What would it feel like to embrace more Movement throughout your day as opposed to trying to fit exercise in?

 

 (Valuing oneself and one’s needs, in the realm of fitness and beyond, could be an entire blog series of its own!  If this is something you struggle with, I very highly recommend the work of Mara Glatzel. This is her zone! Her brilliant and beautiful explorations around self value, self care and human needs is work that dovetails beautifully with Meaningful Movement.)

 

3. You have preconceived ideas about what constitutes a workout. 

 Just to be clear, this is not your fault! The industry of fitness has been dictating what “counts” as exercise for a very long time. Fitness participation has also been getting increasingly more complicated, prescriptive and specialized over the last few decades. All of which make it more difficult to access. It’s a kind of capitalist, classist gate-keeping. What would happen if we knew we could access Movement without spending any money? Or without getting ourselves to a specific setting in which we need to perform it?

 Clothing, tech, equipment studios, the frequency, duration, and type of activity itself . All of these things require resources in the form of more time, more energy and more money.  And while shiny incentives like apps, fitness equipment or organized classes can often bring short term bursts of increased participation, the long game can actually be a much easier and less expensive one to play. It’s A OK to bring it back to basics.  Just move any way you like to move, especially at first. Walk, garden, dance, swim, stretch, hike, find a free or inexpensive class on YouTube. 10 minutes, 20 minutes, once a week, twice a week, whatever works in that moment in your life. If you have the means and the desire, please do go ahead and try out other things but just know that it’s 100 % not necessary in order to move your body.

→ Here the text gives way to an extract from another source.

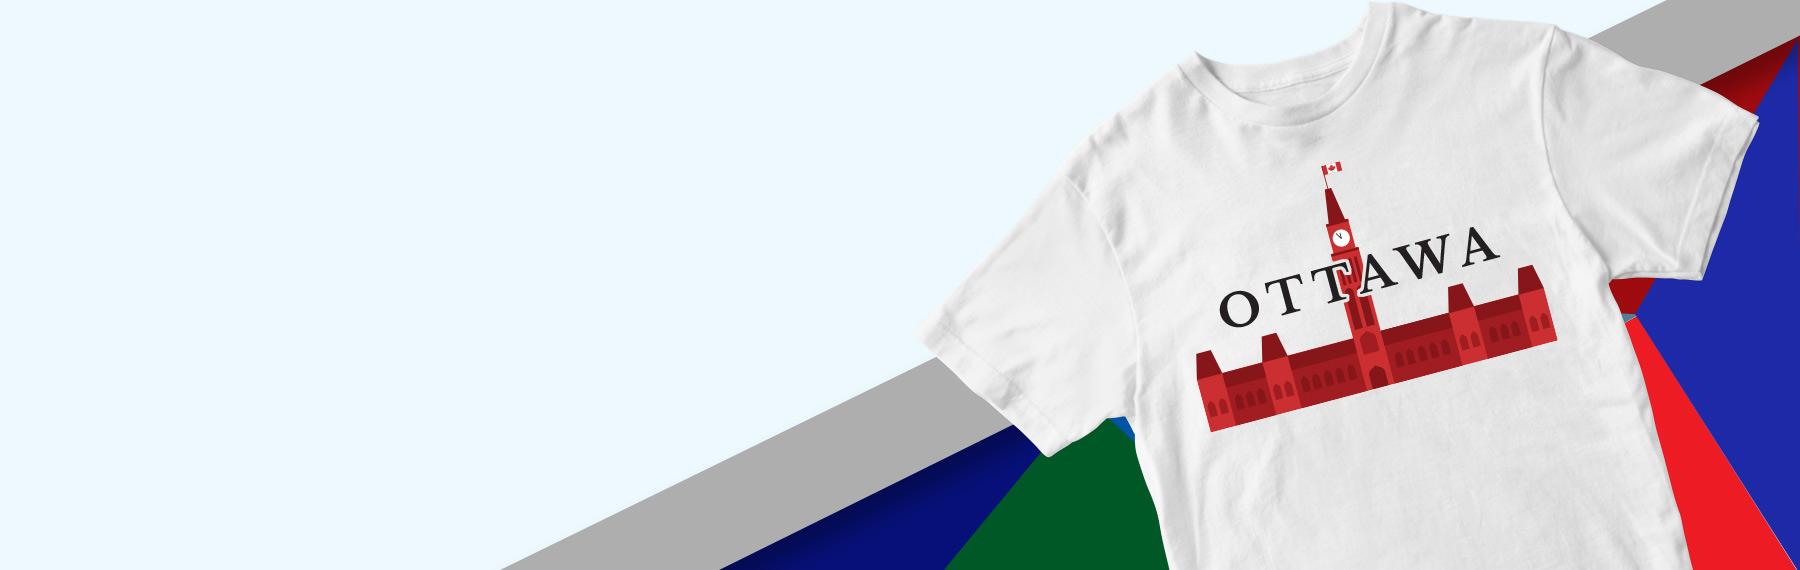 5d8b15230ed161 Design and Order Custom T-Shirts in Ottawa

The more integrated into our lives and accessible Movement becomes, the easier it is to stay consistent over longer periods of time. 

 

4. You're setting the bar too high.

Most of us want to go from 0-60 once we get that first hit of desire to exercise. Yet often bursting out of the gate like that can set us up for something that simply cannot be sustained. Staying tethered to the sacred nature and medicine of Movement through more challenging times is not about "30 minutes of exercise 5 times a week". It's not a formula that comes from something or someone outside of yourself. 

 My incredible creativity mentor and teacher, Anna Lovind, speaks in her book The Creative Doer about “not making plans with your best self in mind”. This applies to exercise as well. When we imagine ourselves committing to a particular fitness routine in moments of high energy or an uncommon spaciousness in our schedule, we tend to set the bar higher than what we can realistically reach moving forward. And by setting that bar too high at the start, we quickly find ourselves mired in feelings of failure and shame.

Start off small and trust your body to ask for more.